The editor analysis contains the list of successive actions (now 2) performed on the dataset.

The edited dataset has been replaced with the new created dataset.

knitr::kable(edited_1)
14.3.3_epsilon 4E.BP1 4E.BP1_pS65 4E.BP1_pT37 4E.BP1_pT70
A0SH -0.2146377 -0.0348712 -0.1492393 -0.1141046 0.1883281
A0SJ 0.1343556 0.2398837 -0.1730644 -0.8782864 -0.1662046
A0SK 0.2186520 2.3489380 0.4798254 1.2803679 0.8254676
A0SO -0.1124943 0.2786066 0.1776554 0.6728072 0.4581671
A04N 0.0021150 0.7086549 -0.2063496 0.6498476 0.1838435

4.4 Extract the dataset

When the edition is done, the resulting dataset can be saved by calling the r_extract_dataset function.

res <- r_wrapp("r_extract_dataset", datasetName = "edited_1", userName = "test")

4.5 Retrieve the current actions performed on a dataset

Selecting a dataset on the edition screen will call the action “retrieve” to get any analysis not “finished” (i.e. not extracted yet) if there is one, with all the already performed actions.

# Not run
out_retrieve <- r_edit_dataset(
    datasetName = "proteins", 
    retrieve = "current")

It has the same structure as any r_edit_dataset output: a list of length 2 (Object and Table).

  • The Object component is the edited dataset (when no edition yet, the current state of the dataset).
  • The Table component contains a DataView, the ObjectName (of the name of the resulting dataset) and the history.
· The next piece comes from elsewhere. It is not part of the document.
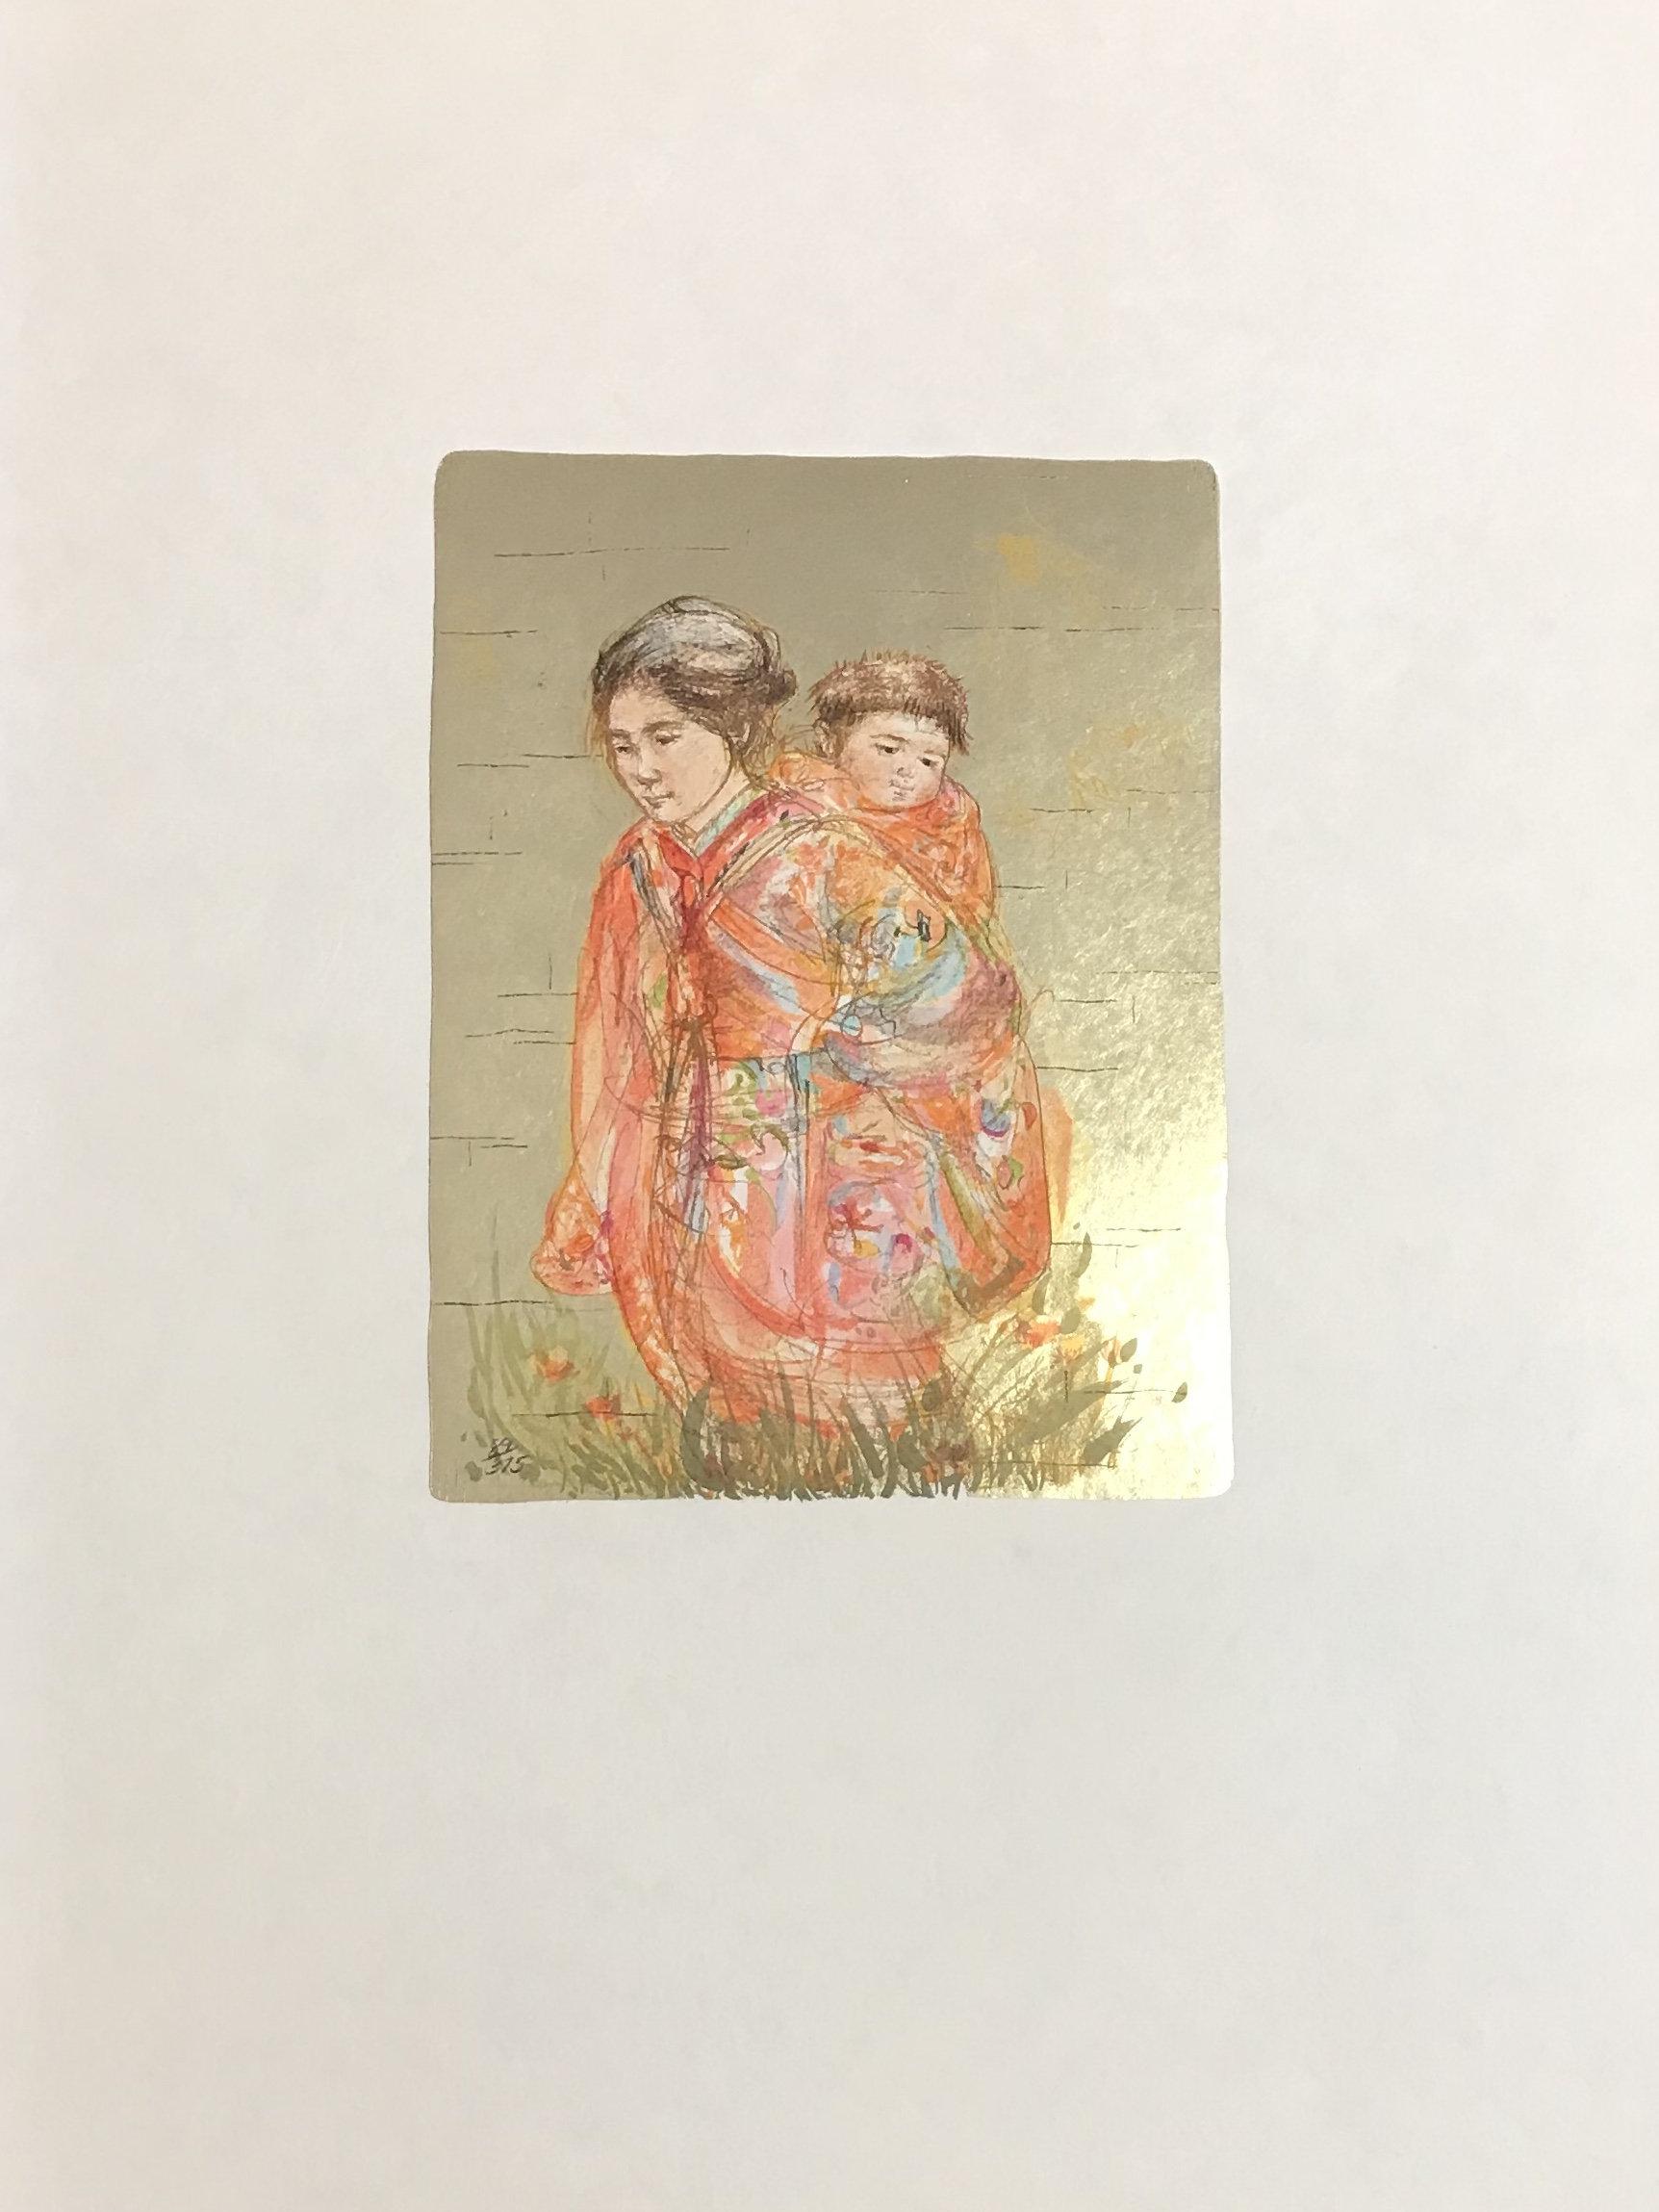 Edna Hibel, Okada to Kodomo, Pencil Signed Original Lithograph 1977

When an edition object is retrieved from the workspace screen (by clicking on “more”), the function will retrieve the current edition analysis by calling the name of the produced dataset:

# Not run
out_retrieve <- r_edit_dataset(
    datasetName = "proteins", 
    retrieve = "edited_1")

4.6 Edit a retrieved dataset

It is possible to edit an already extracted dataset or, more precisely, to start a new edition based on an extracted dataset. Indeed, immediately after retrieval, any action creates a new editor object, associated with a hidden edited object. If there is a current edition on another - not extracted - dataset at the time of performing the action, then it is deleted. This ensures that there is always at most one edition going on (for one original dataset).
To achieve this, an attribute - called edit_head - is added to the original dataset at the time of retrieval. It points to the dataset on which the following action should be performed. This attribute is updated at every call of r_edit_dataset so that it points to an already extracted dataset only after retrieval. After any other action, it is set to NULL - or removed, so that the regular workflow is preserved.